Anxiety can be described as the result of having strong feelings of concern, worry, and fear. Although it is normal to feel overwhelmed with so much to handle, you cannot let anxieties get in the way of letting yourself feel rewarded. Ask other family members for help. Multiple caregivers will not only relax the burdens on yourself, but will enhance the quality of care to the patient as well.
FEELING HELPLESS.
There will be times when you may not know how to help. Those times will become some of your most depressing. As a non-professional caregiver, you cannot be expected to take away the patient’s pain or all of his or her anxieties, frustrations, and negative emotions. Your role as caregiver to a pancreatic cancer patient is soothing and minimizing pain and negative emotions to make daily life as comfortable and possible for the patient.

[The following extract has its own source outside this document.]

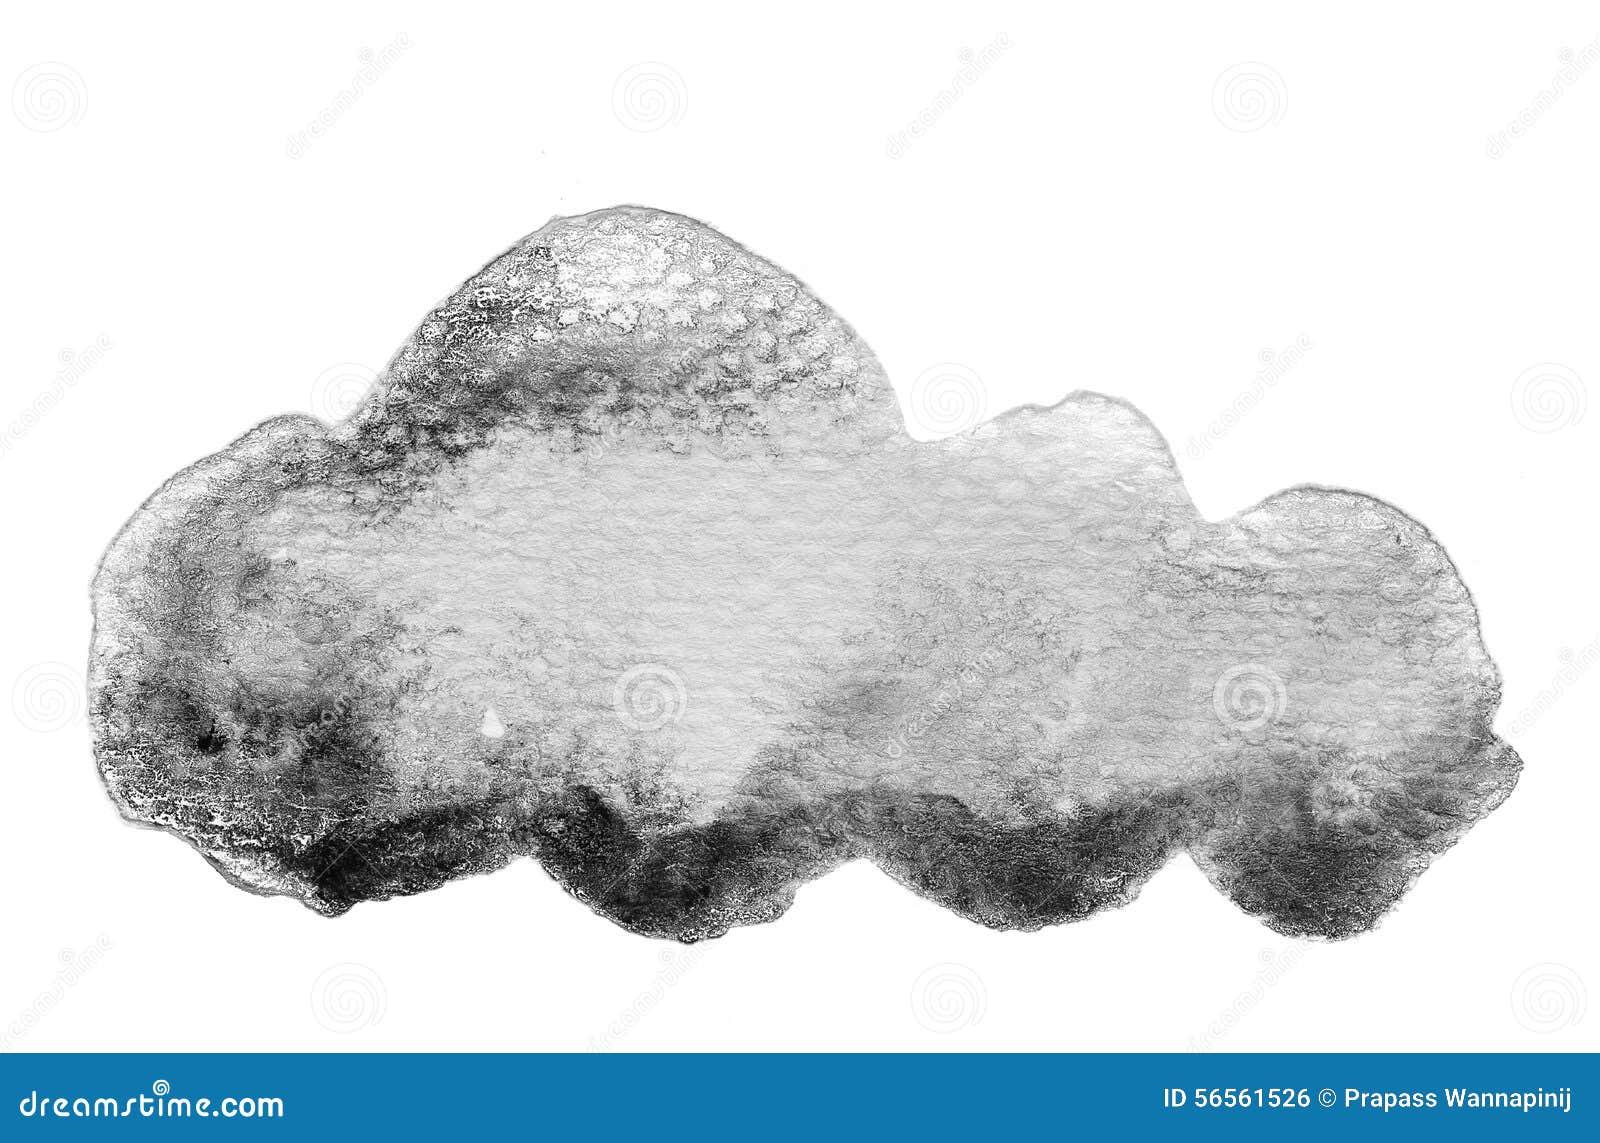 Download Γραπτό υπόβαθρο υδατοχρώματος Απεικόνιση αποθεμάτων - εικονογραφία από μαύρα, σύννεφο: 56561526
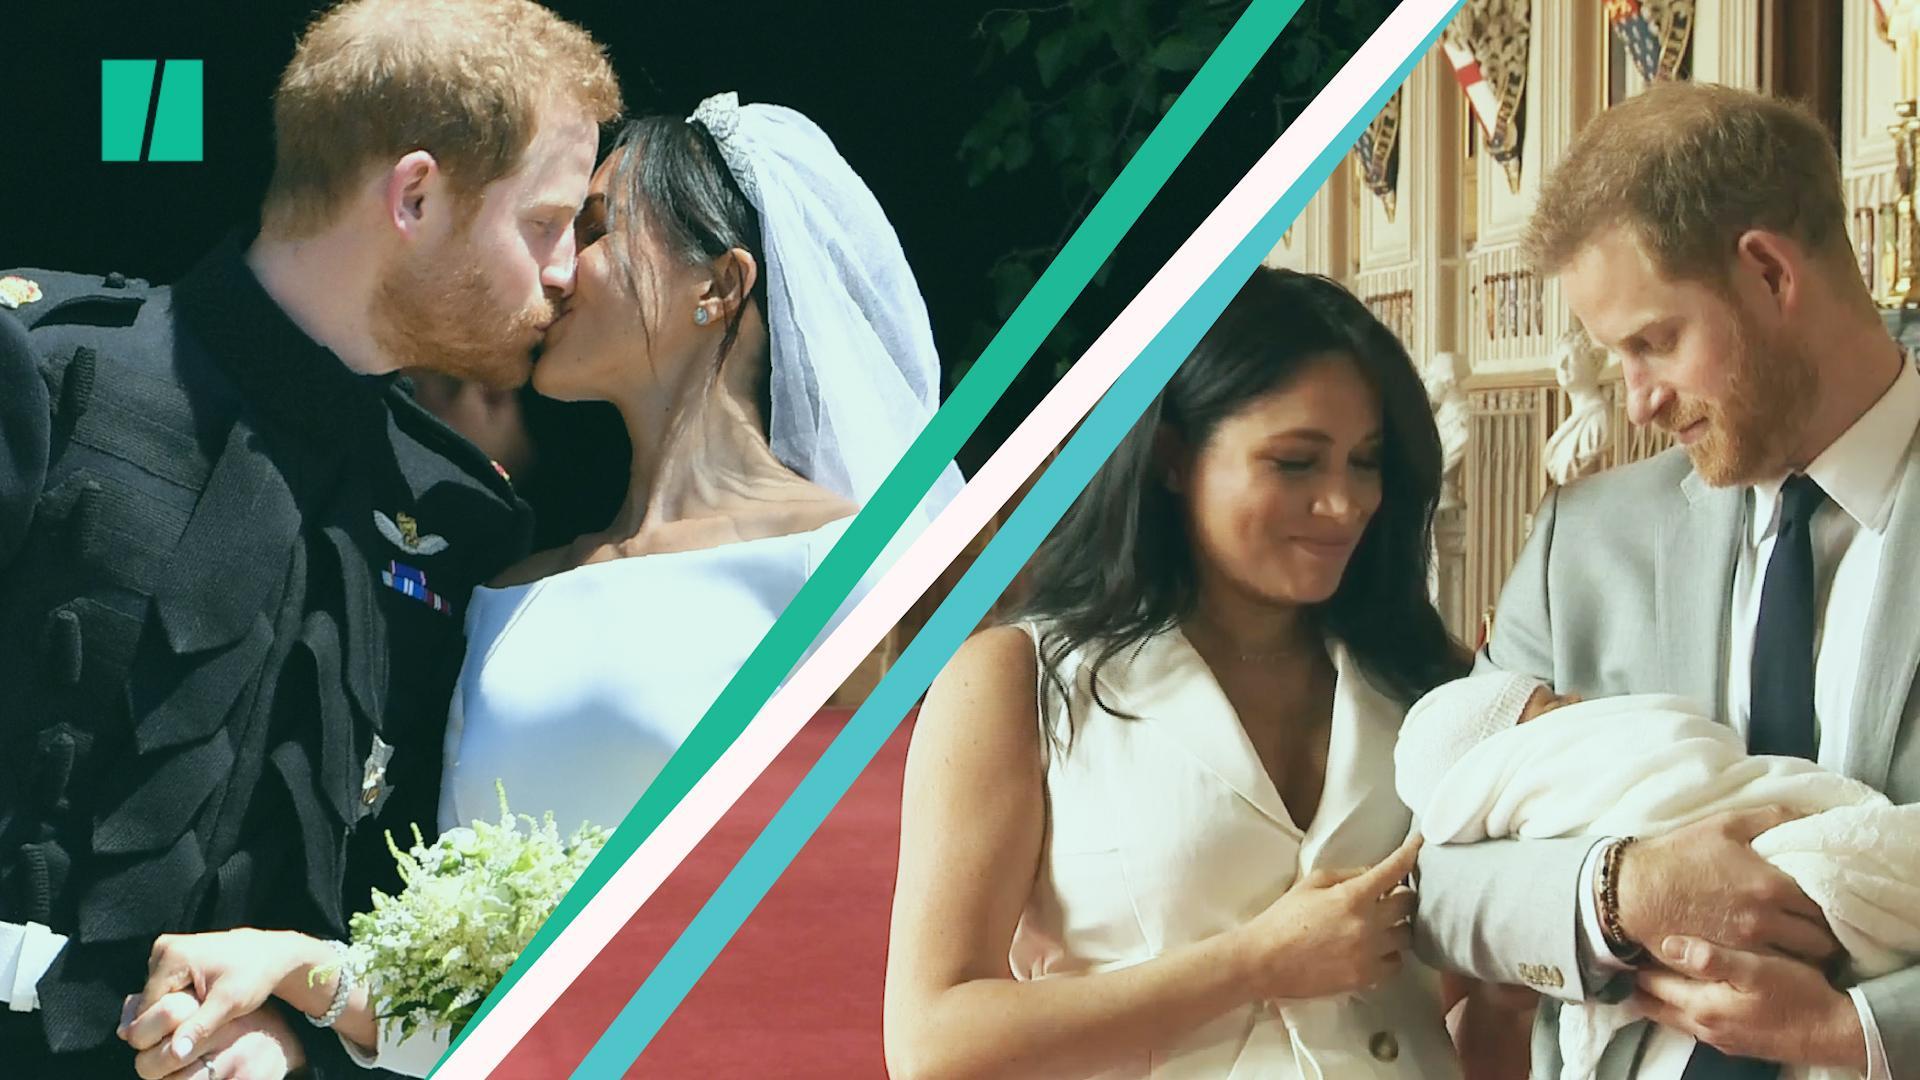 Happy 1st Wedding Anniversary To The Duke And Duchess Of Sussex!

You must try and refrain from showing your own frustrations as much as possible.
BECOMING LONELY.
There are several ways you may feel lonely as a pancreatic cancer caregiver. It is easy to feel like no one else in the family knows what you are going through and there is no one else around use as a sounding board. Since you are spending most of your free-time as a caregiver, you likely will have less time to spend doing things with your friends. You can invite friends to come over and spend some time with you. Try asking family members to help you, but try and refrain from getting angry if they decline. Fractures among family members can adversely affect the emotions of the patient.
FEELING GRIEF.
It is understandable that you will feel so sorry that your loved-one has to go through side effects resulting from cancer treatments. It is possible to feel the loss of the more enjoyable times you and your patient had before his or her serious health issues got in the way. If the patient is suffering from late stage pancreatic cancer and facing very difficult prognosis odds of surviving the disease can send you into a premature state of mourning the loss of your loved-one. Many patients have survived late stage pancreatic cancer and as a caregiver you give the patient to never give up hope.
COPING WITH DEPRESSION.
Depression can result from all of those factors listed above. The added stress of worrying how the patient’s pancreatic cancer can negatively affect the entire family and close friends can deepen your depression. Depression can come suddenly or will gradually magnify over time. If it affects your ability to function normally, don’t hesitate to get counseling to help mitigate and ease your depression. Otherwise your depression can adversely affect the successful recovery of the patient.
Above All, Remain Hopeful For Both You and Your Patient.